## Instructions to follow:
Print the listing in its entirety and exactly, leaving out images.
===== Data segment
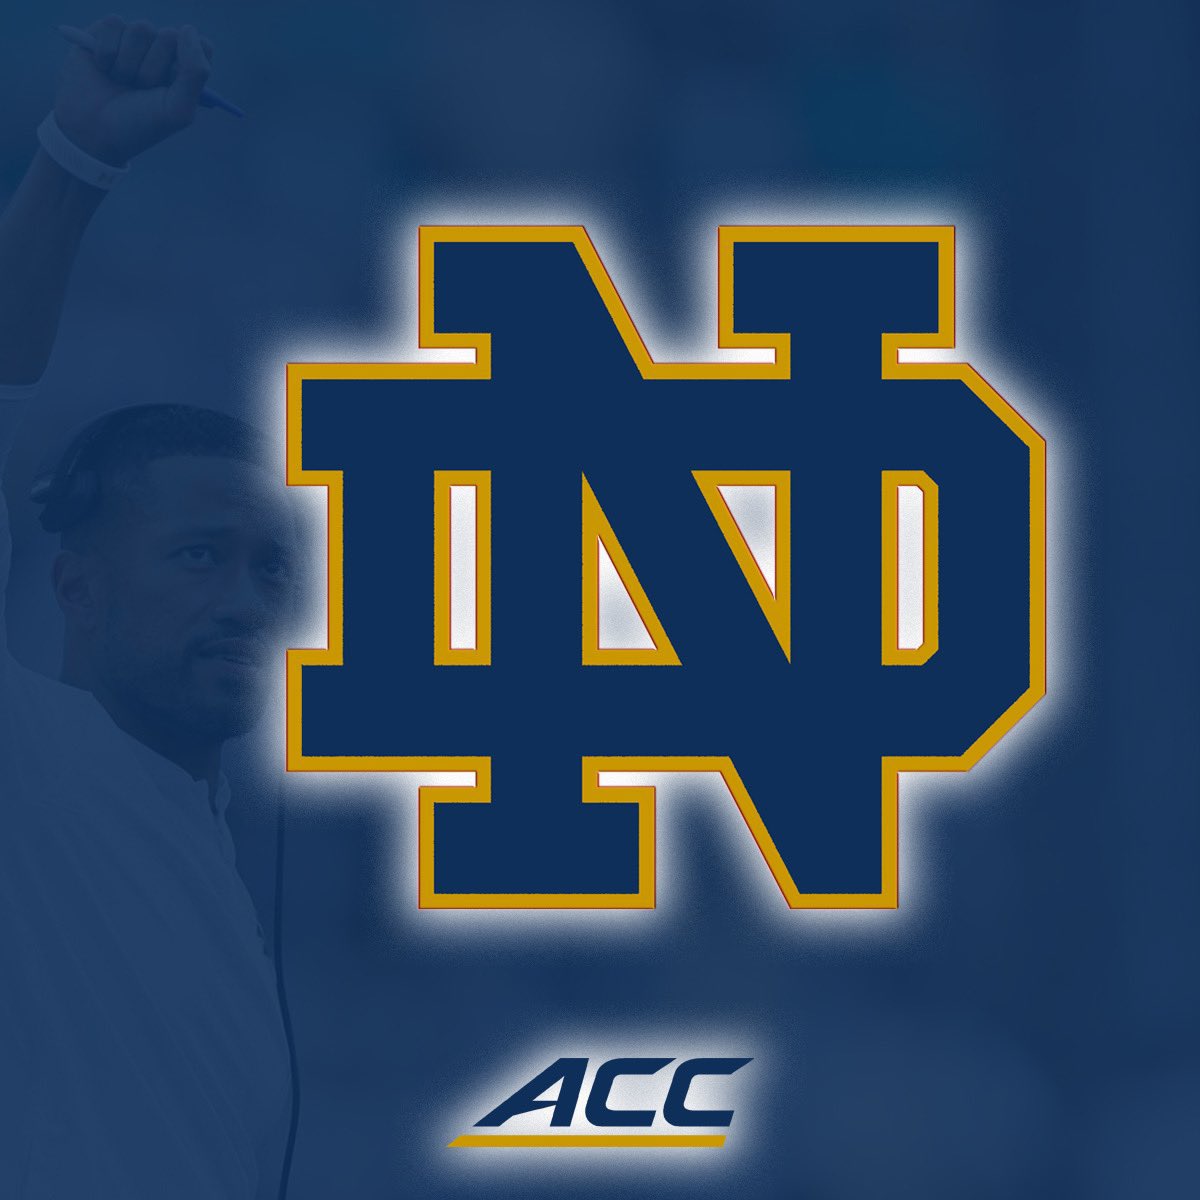 Thank you to @GinoGuidugli From @NDFootball for stopping by Folsom Today. We appreciate you! #GoBullDogs /#GoIrish @coach_angel3 @CoachTravisFHS @CoachIrsik1
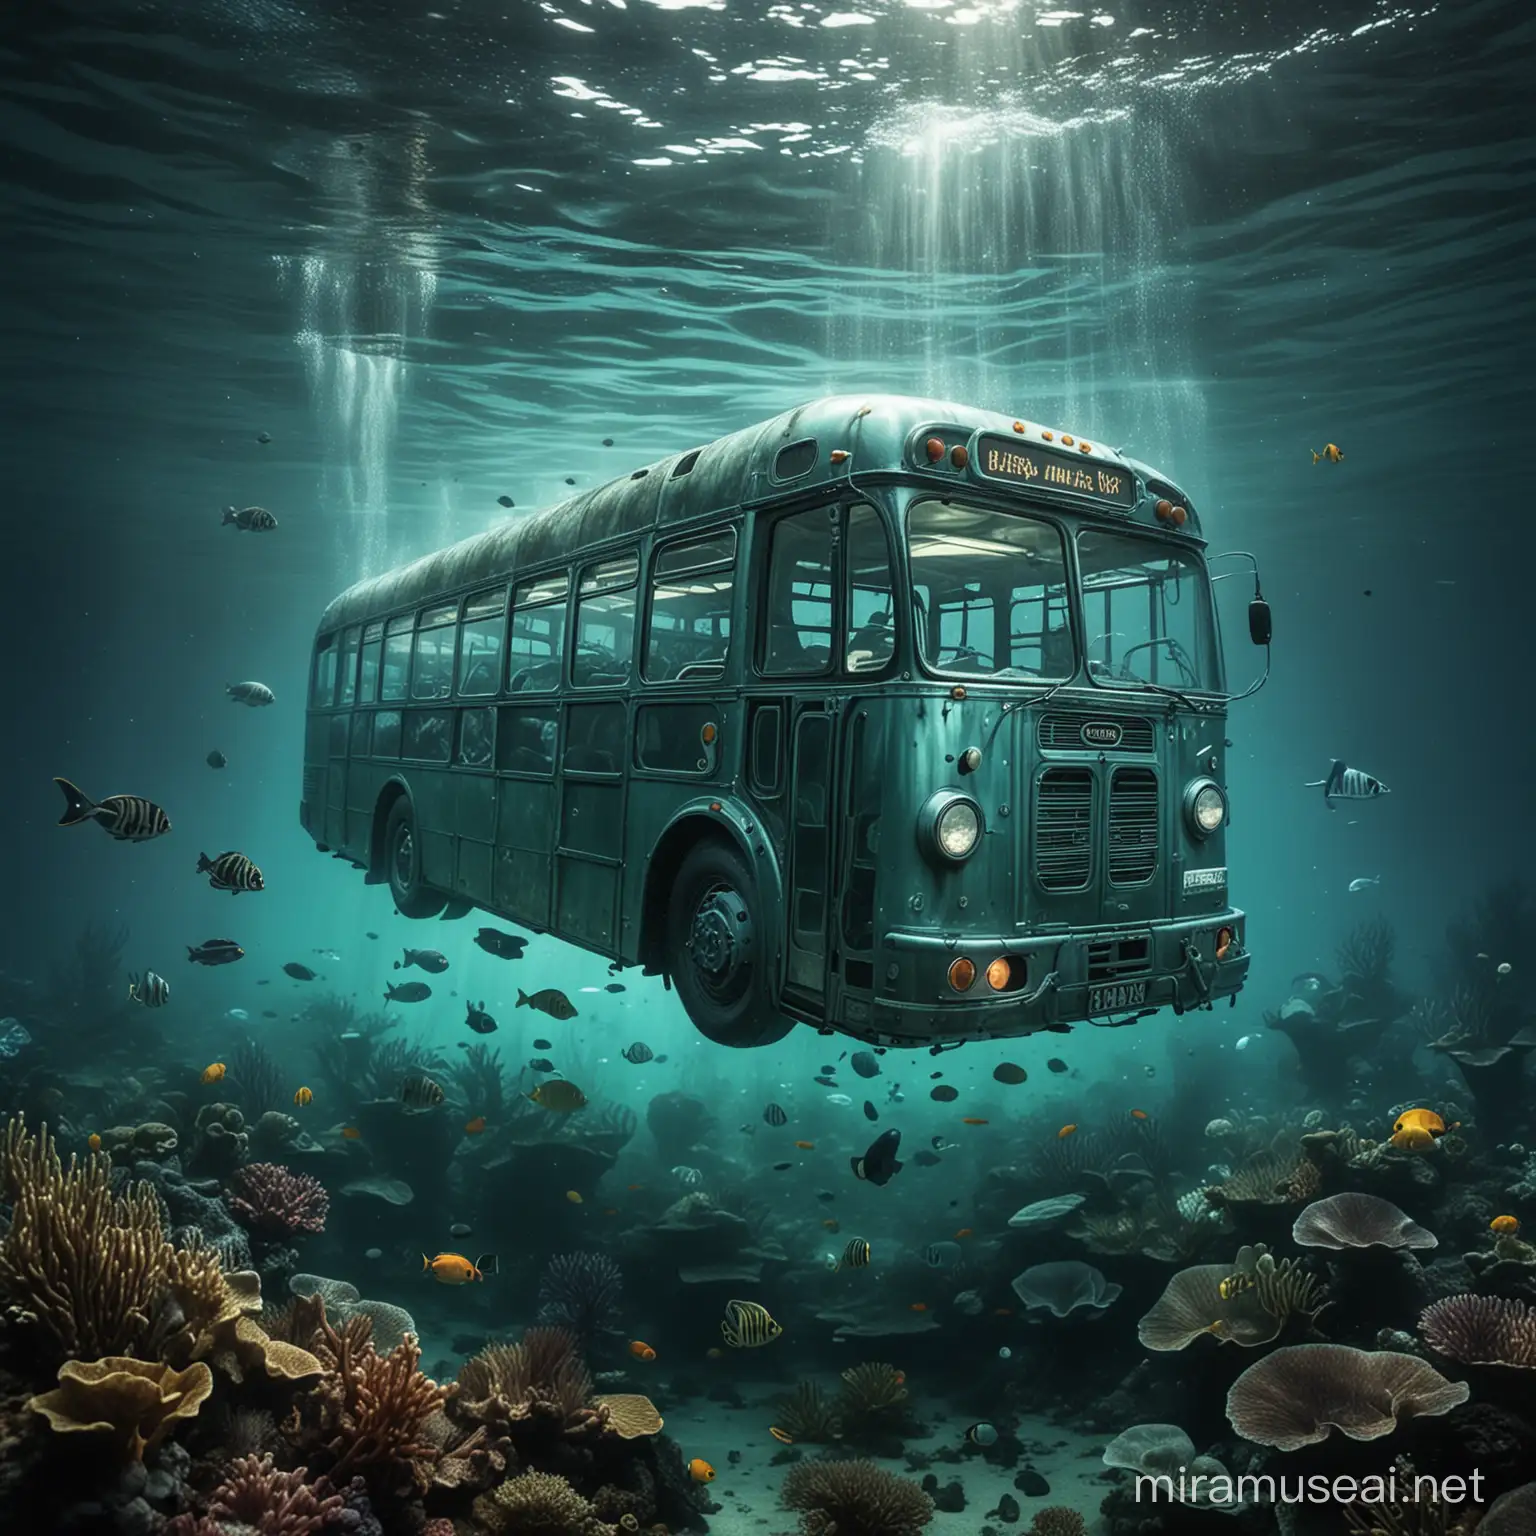 A bus in a style of Underwater Fantasy
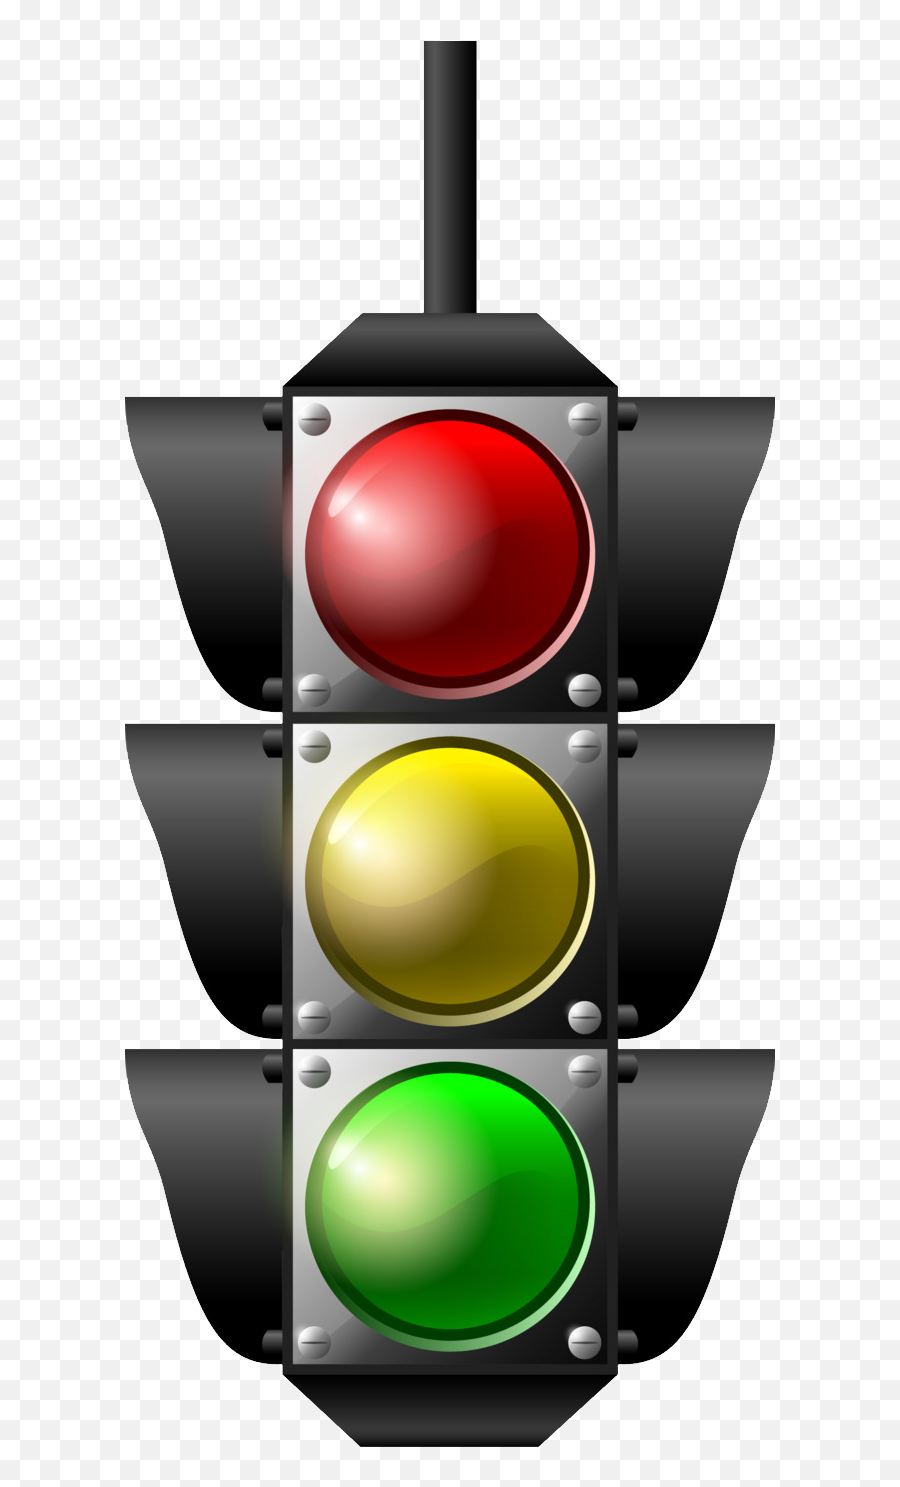 Traffic Light Png - Traffic Rules Images Download,Red Light Png
==========
## Written solution:
 Thank you to @GinoGuidugli From @NDFootball for stopping by Folsom Today. We appreciate you! #GoBullDogs /#GoIrish @coach_angel3 @CoachTravisFHS @CoachIrsik1
 A bus in a style of Underwater Fantasy
 Traffic Light Png - Traffic Rules Images Download,Red Light Png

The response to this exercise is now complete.